Mi hermana podría morir hoy. Esta noche. La última de sus veintinueve años.
¿Sabías que un avión tarda aproximadamente siete minutos en caer al vacío? ¿Cuántos mueren el día de su cumpleaños? ¿Cuántas personas salen cada mañana con su mejor ropa, listos para celebrar algún ascenso, algún aniversario, sin saber que van directo a una cita con la muerte? Mientras viajo a mi destino pienso esto, los veo a todos tan tranquilos a mi alrededor y no puedo sino comenzar a hiperventilar. Todos tan confiados, tan dando por sentado la vida.
Mi terapeuta no me entiende, piensa que mi problema se trata de una fobia. Y ojalá así fuera. Que se tratase, como dicta la definición, de un miedo anormal y totalmente injustificado a la muerte.

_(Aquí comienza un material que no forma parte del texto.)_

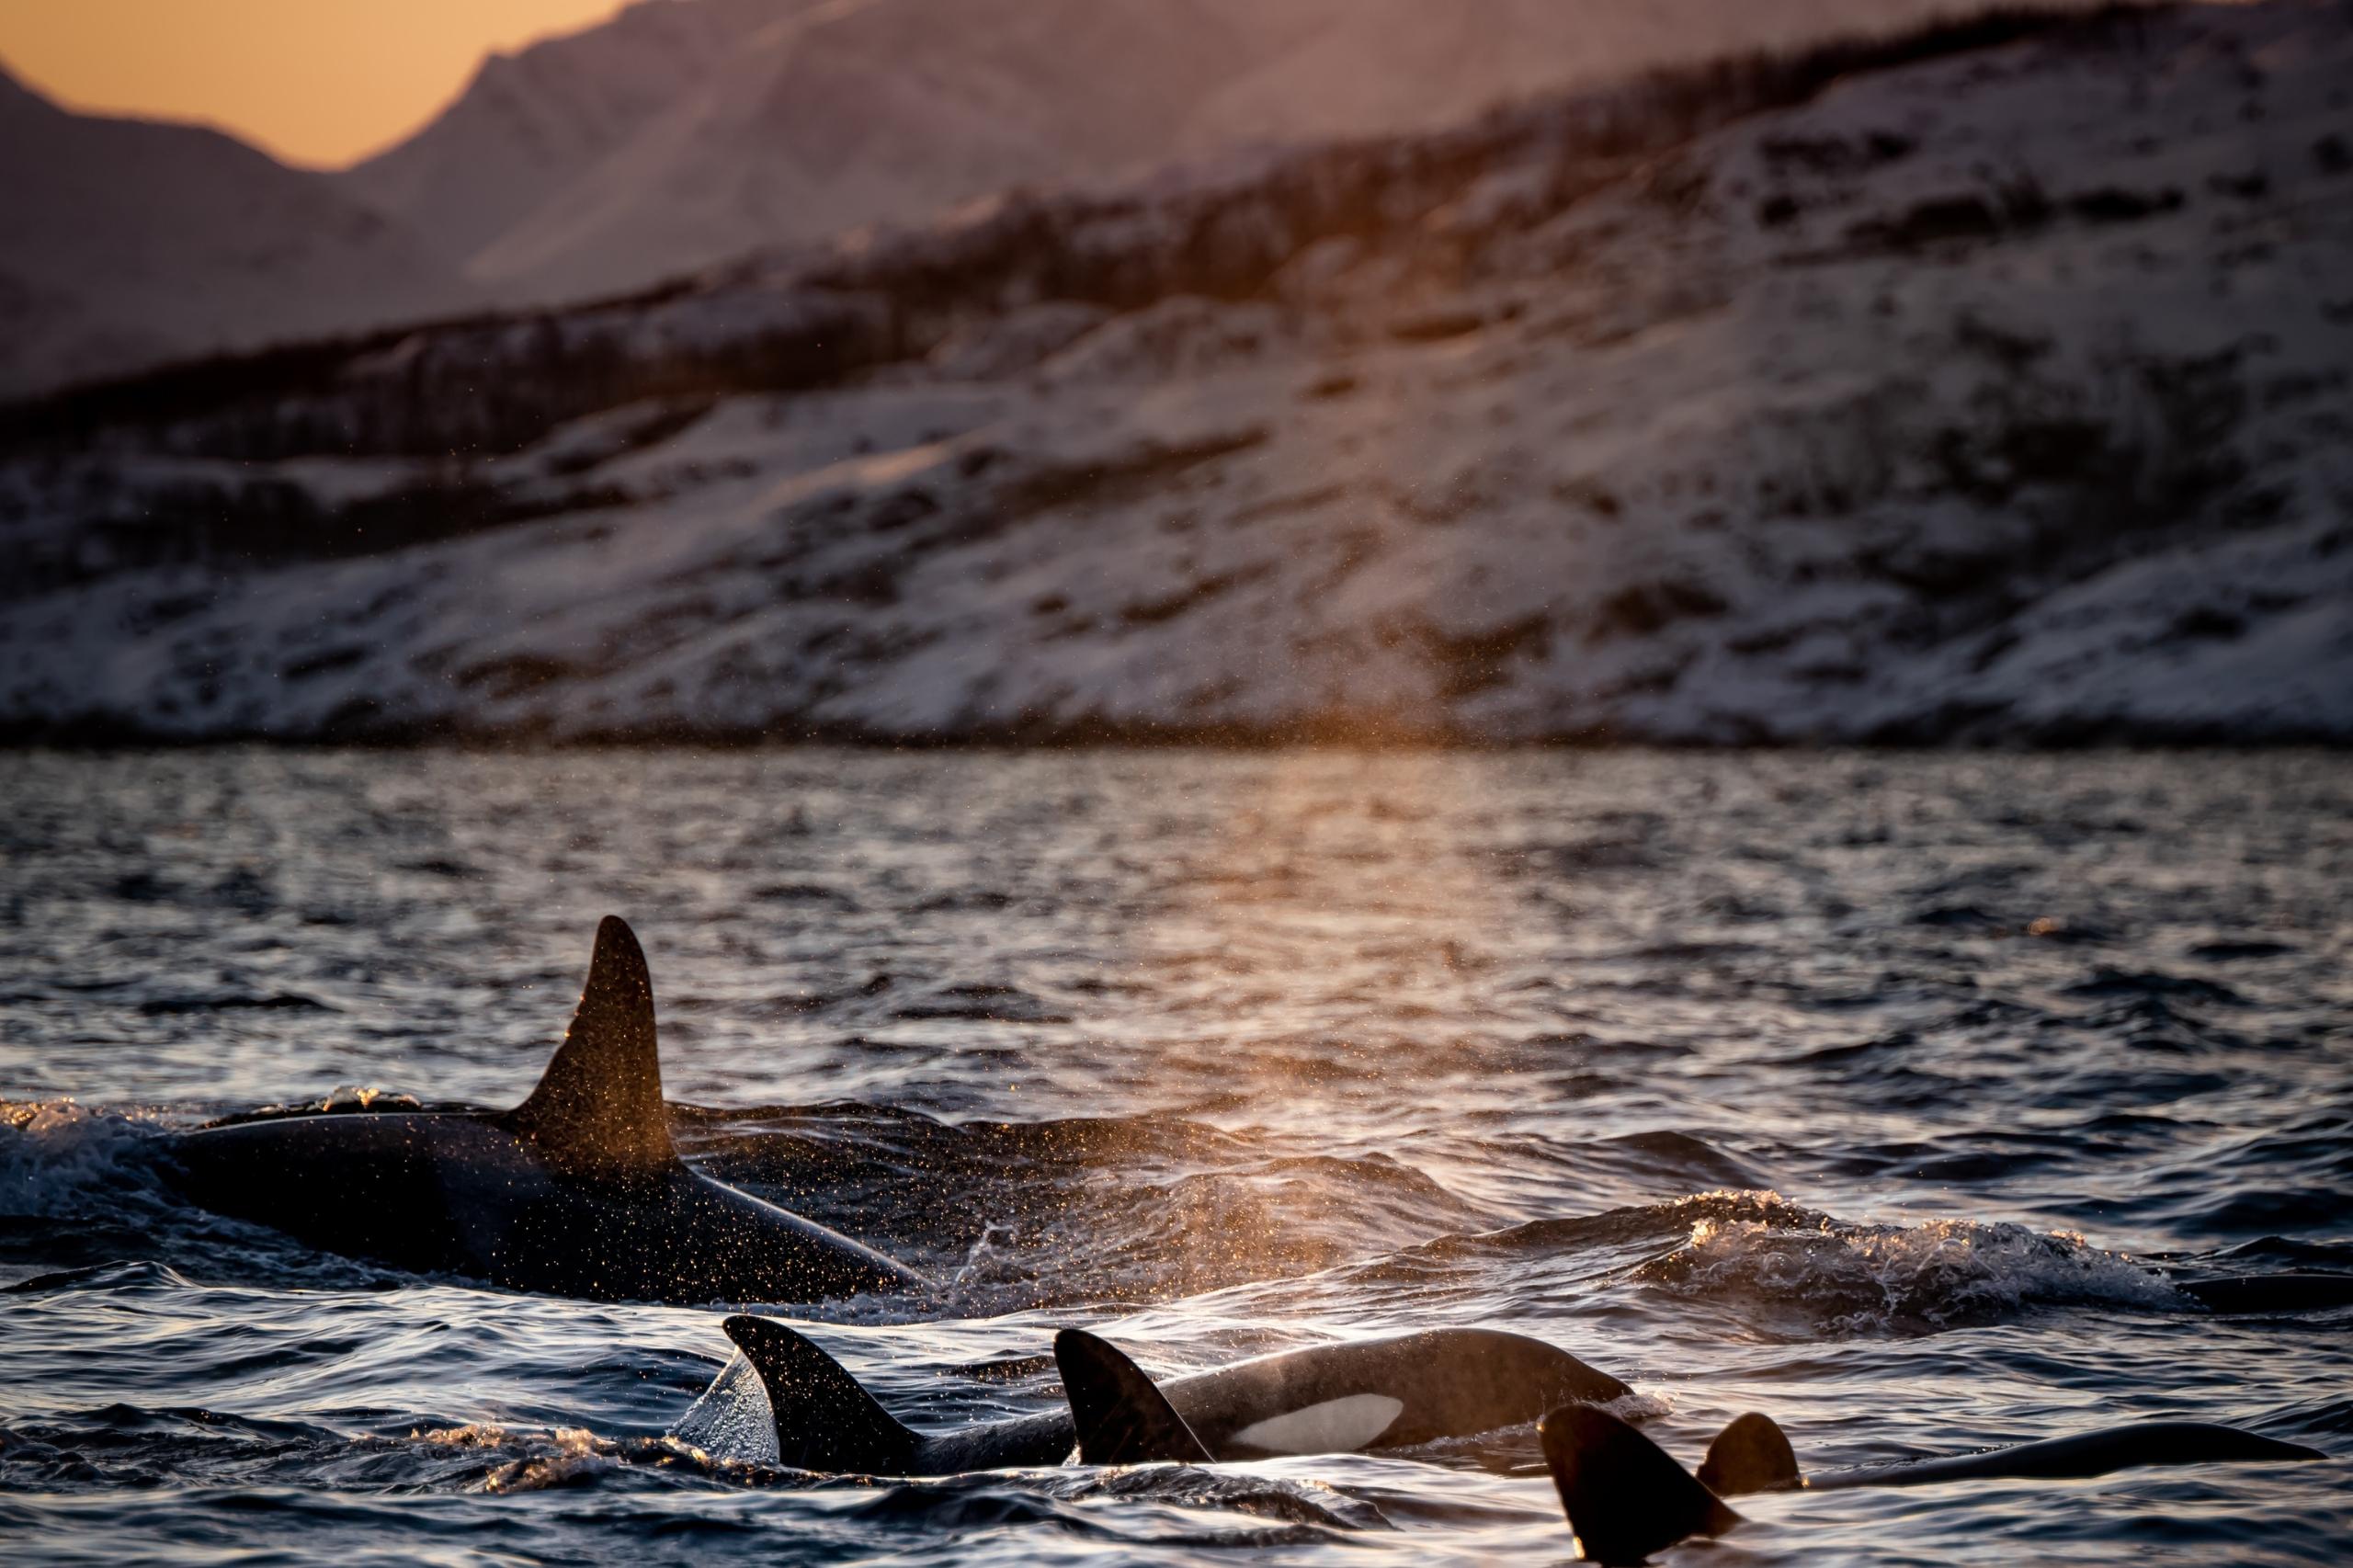 Wale in der freien Wildbahn beobachten zu dürfen, ist ein wahres Privileg - dank Walsafaris ist dies in Norwegen möglich. 
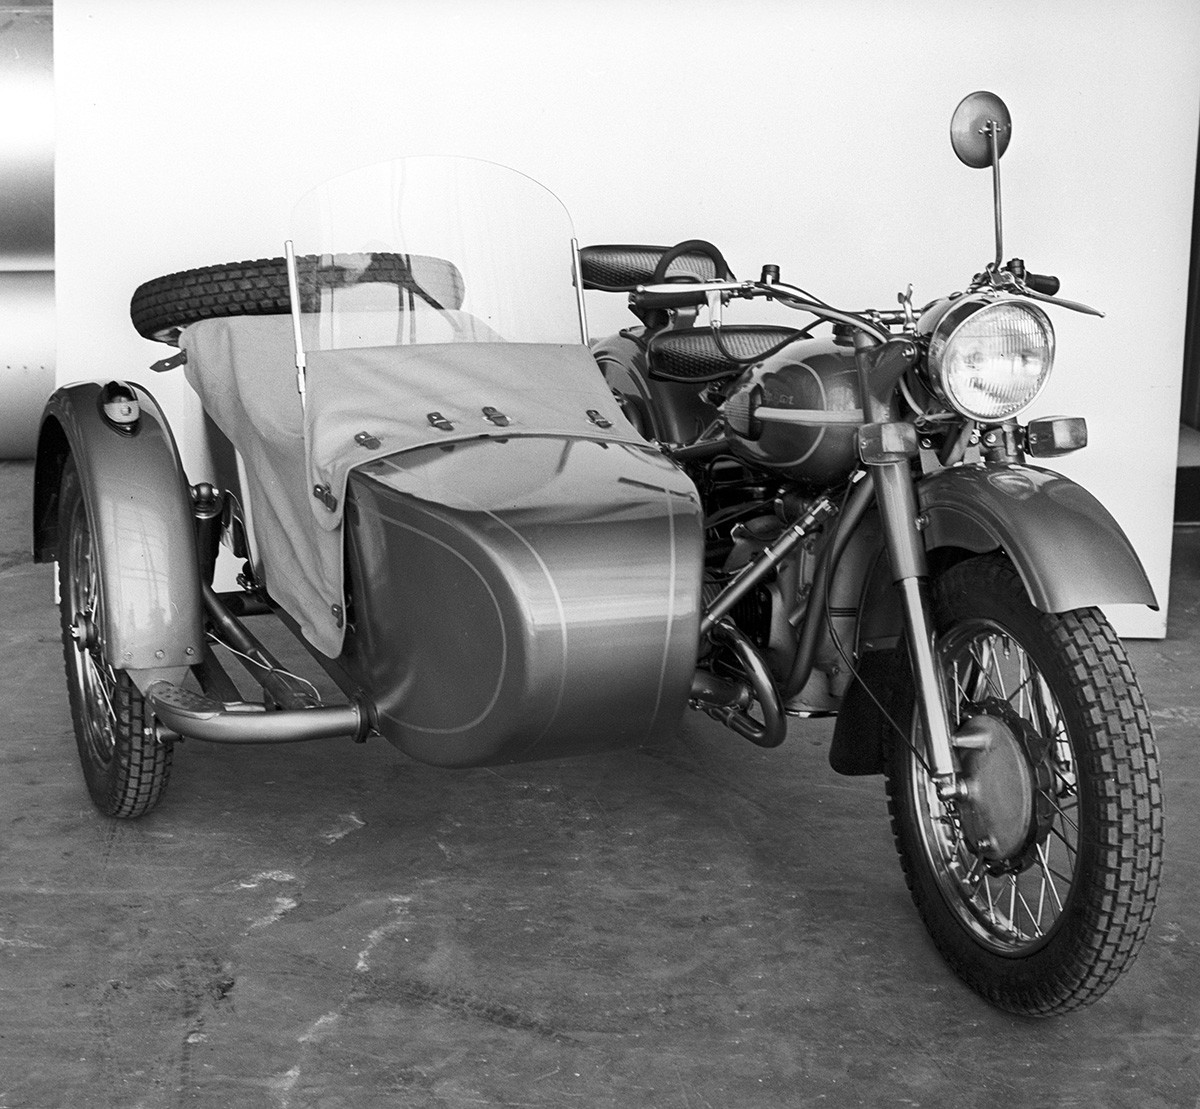 Sepeda motor 'Ural-3 M66', yang diproduksi oleh pabrik sepeda motor Irbit.

Mis amigos piensan que es una enfermedad, una obsesión. Se han cansado de las crisis y ahora sólo dejan mensajes que van a parar al buzón en los momentos en los que prefiero la soledad. He dejado de intentar explicarle al mundo mi situación, me he resignado a aceptar que no lo entenderían. Así piensan quienes han tenido la suerte de no encontrarse con la muerte muy de cerca, yo no puedo decir lo mismo.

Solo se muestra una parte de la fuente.